同時期に、河北省邢台市寧晋県政府は、民主進歩党邢台市委員会提案に対し、同県はかつて高齢者サービス機関に寧晋県方艙病院の視察と評価を組織させ、サービス機関は建築構造の耐震設計などの安全指標が基準に達しておらず、消防設備と高齢者向け改修の難易度が高いと判断し、この方艙病院を高齢者サービス施設に改造することを推奨しないと回答しました。寧晋県政府はまた、方艙内の医療用ベッドを定点医療機関に統一的に配置し、倉内のすべての施設物資を全面的に消毒処理し、一時的に方艙を保留すると回答しました。
2023年7月、国務院事務局は『超大都市および特別大都市の「平時と有事の二重利用」公共インフラ建設を積極的に着実に推進することに関する指導意見』を発行し、大都市は民宿、観光ホテル、医療機関、倉庫基地などの施設を建設・改修する際に、事前に公衆衛生などの緊急事態に対応する機能を組み込み、「平時と有事の二重利用」公共インフラを構築することを提案しました。

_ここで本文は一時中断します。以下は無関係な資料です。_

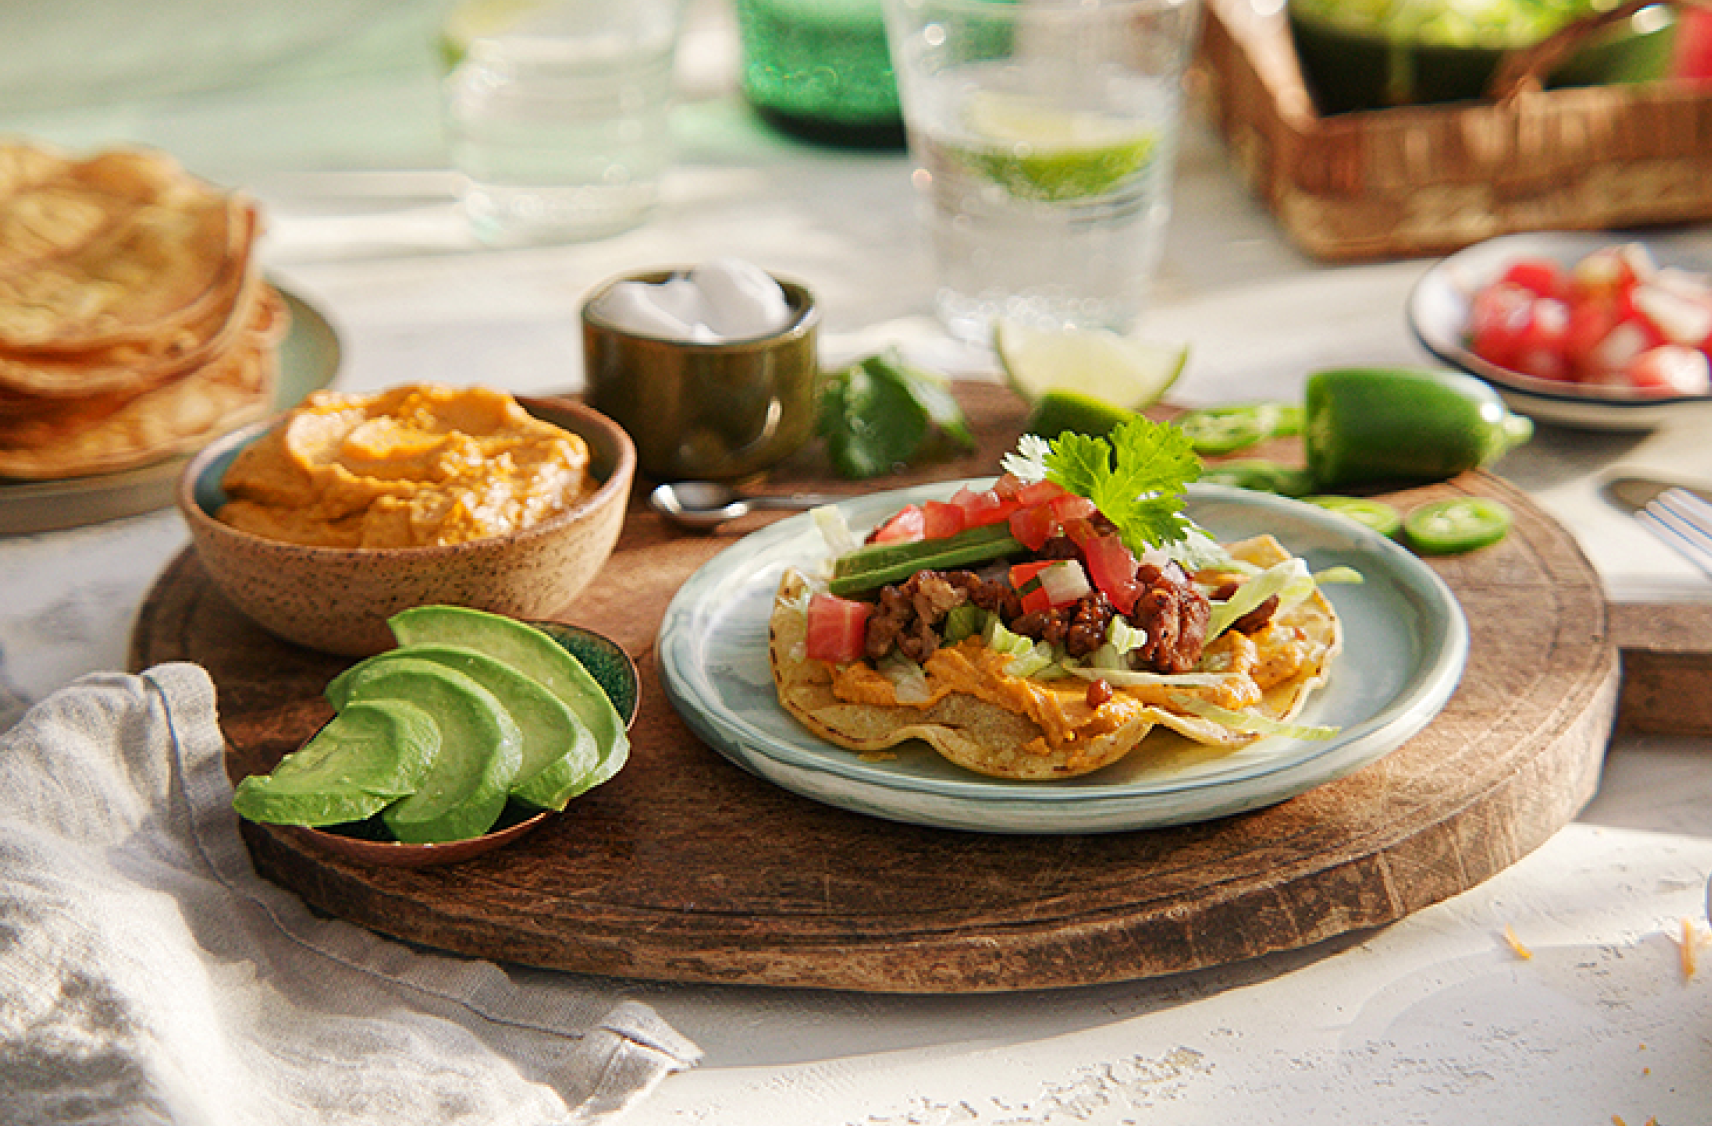 A wooden board with a plate holding a dressed plant based tostado with slises of avocaado and a bowl of plant based dip on the side.
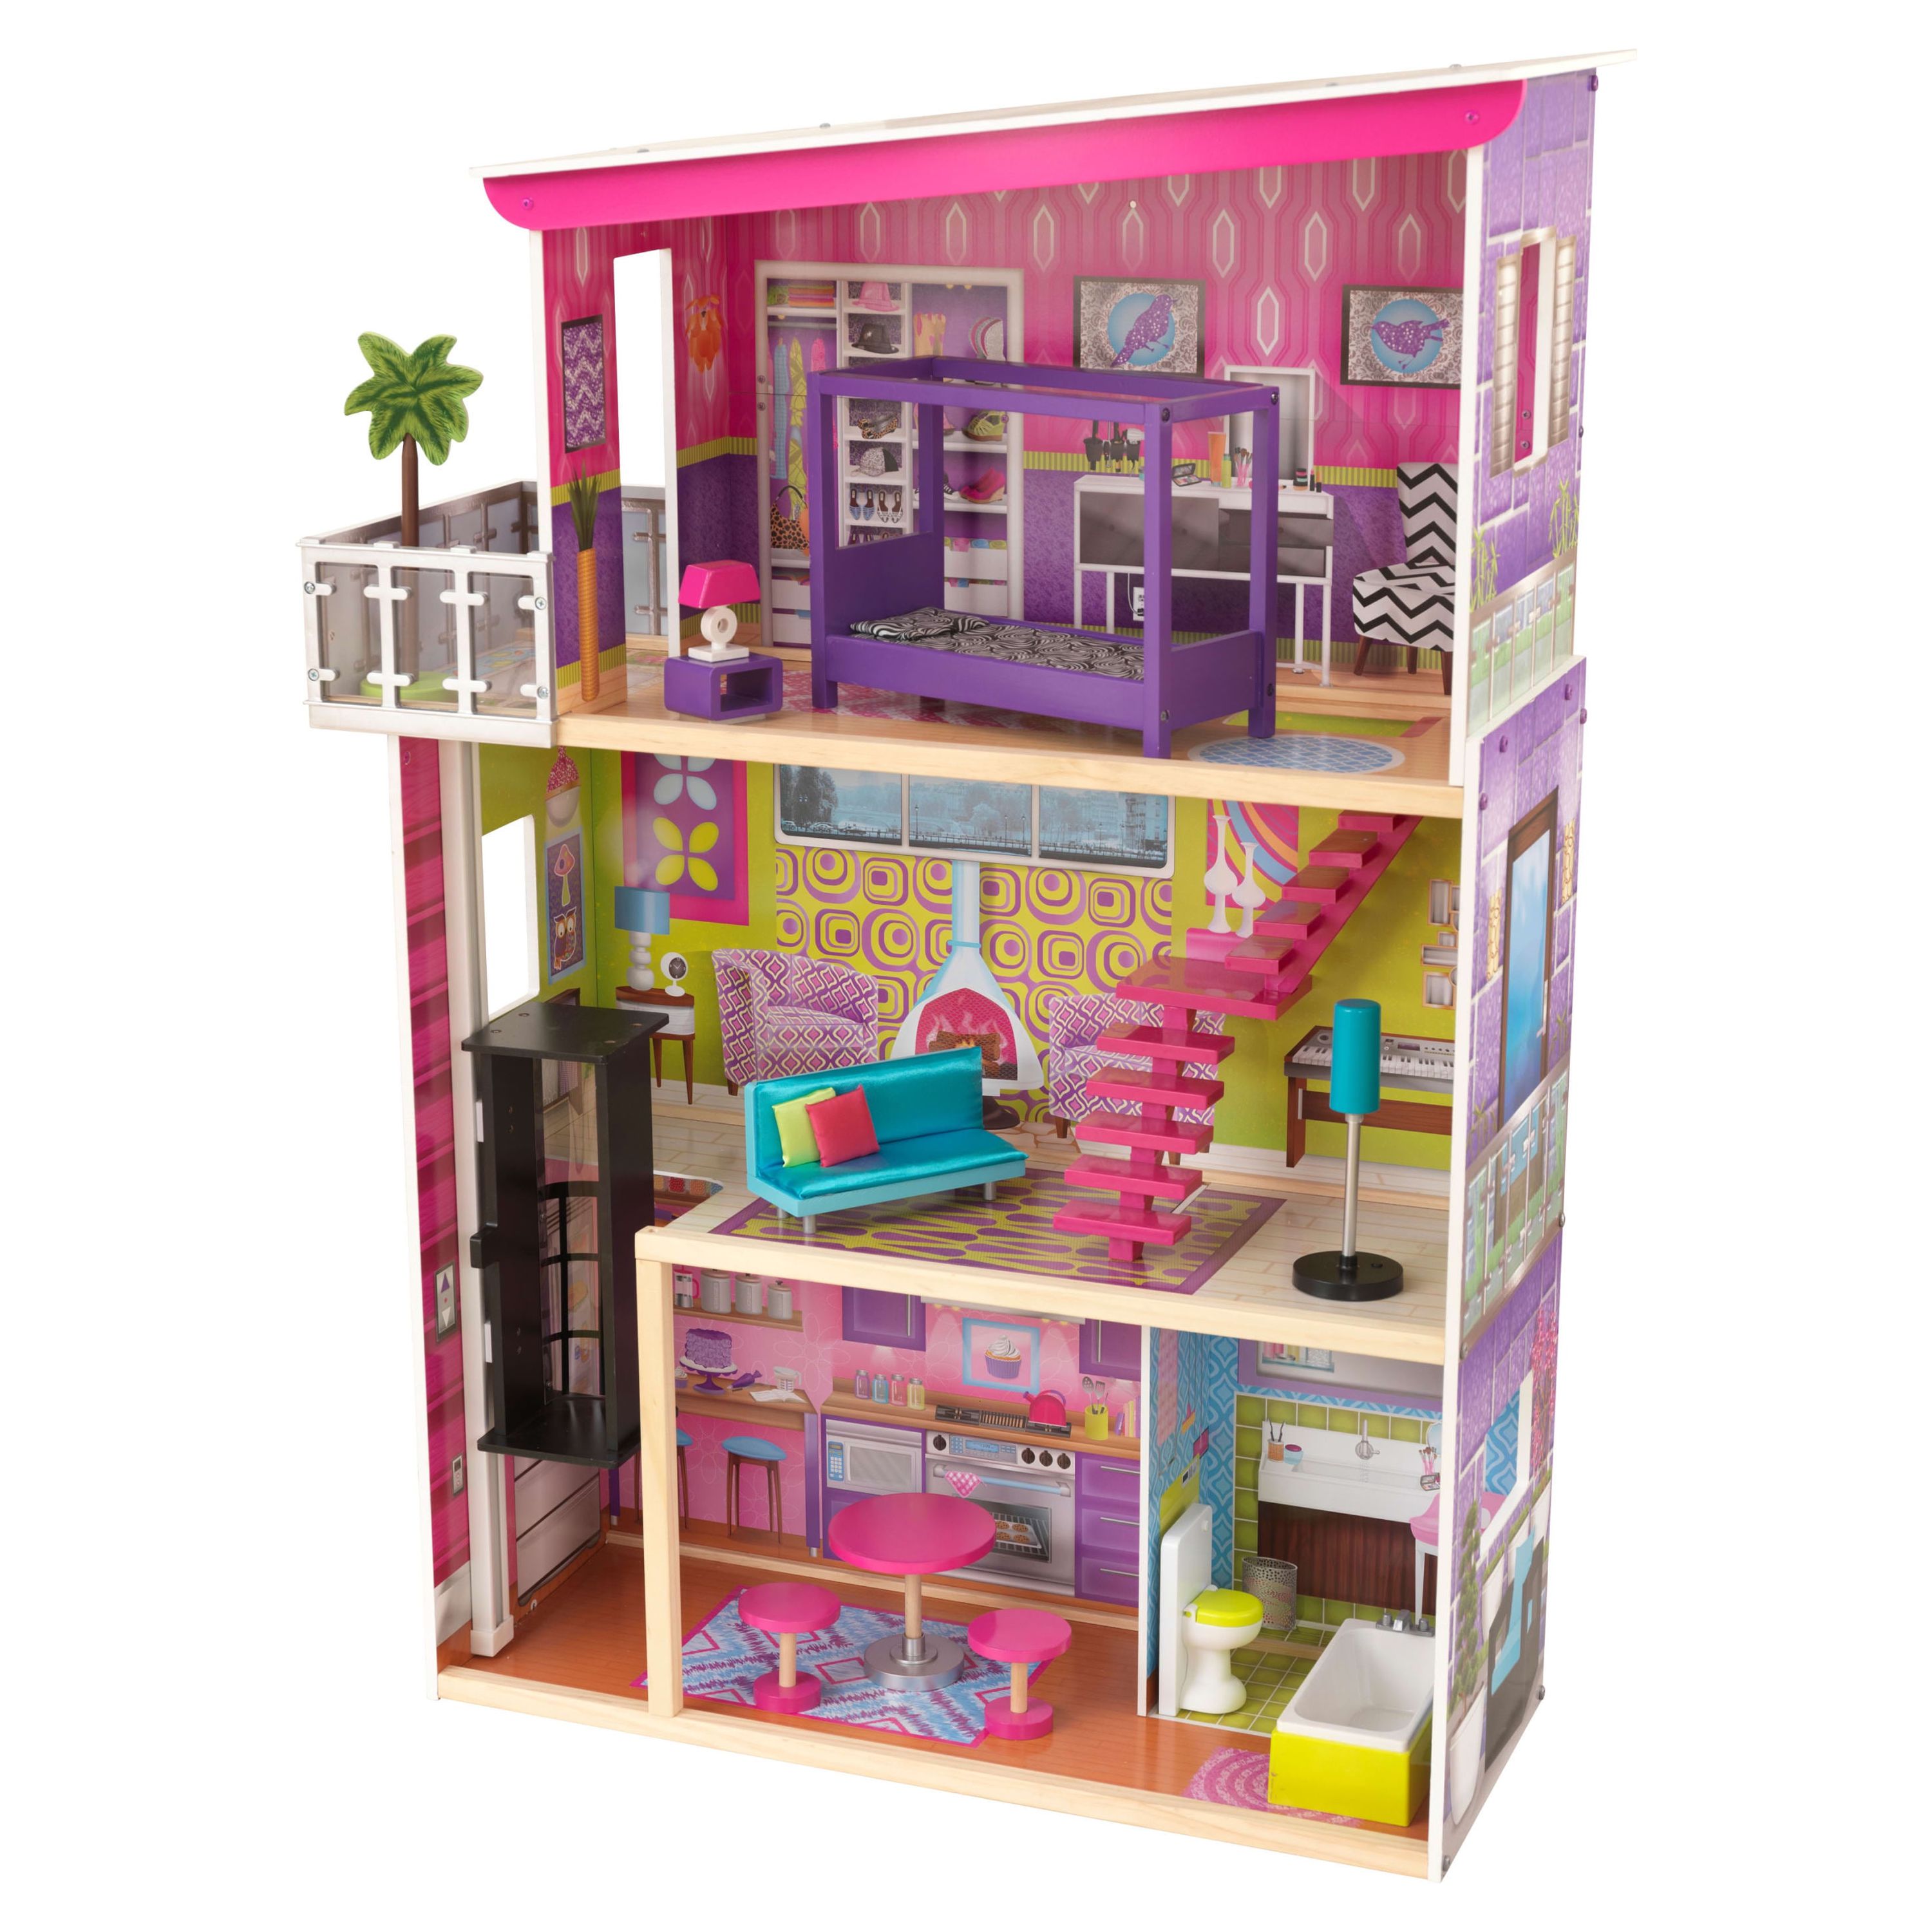 KidKraft Super Model Wooden Dollhouse with Elevator and 11 Accessories, Ages 3 and up - image 1 of 9

これは、新型コロナウイルス感染症対策の経験をまとめた後、政府が緊急対応能力の弱点を補い、今後発生する可能性のある公衆衛生上の出来事に対応するために講じた措置です。公開資料によると、一部の地域はアップグレードと改築を通じて、新型コロナウイルス感染症対策期間中に方艙病院として使用され、一定の条件を備えた建物を「平時と有事の二重利用」施設建設に組み込んでいます。
方艙の数は膨大であり、改造と再利用の条件は一様ではありません。本当に厄介なのは、郊外に建設された仮設建築物です。これらの建物は敷地規模が大きく、場所が遠く、設備が簡素であり、再利用には多くの客観的な困難があり、政府の意思決定能力が試されています。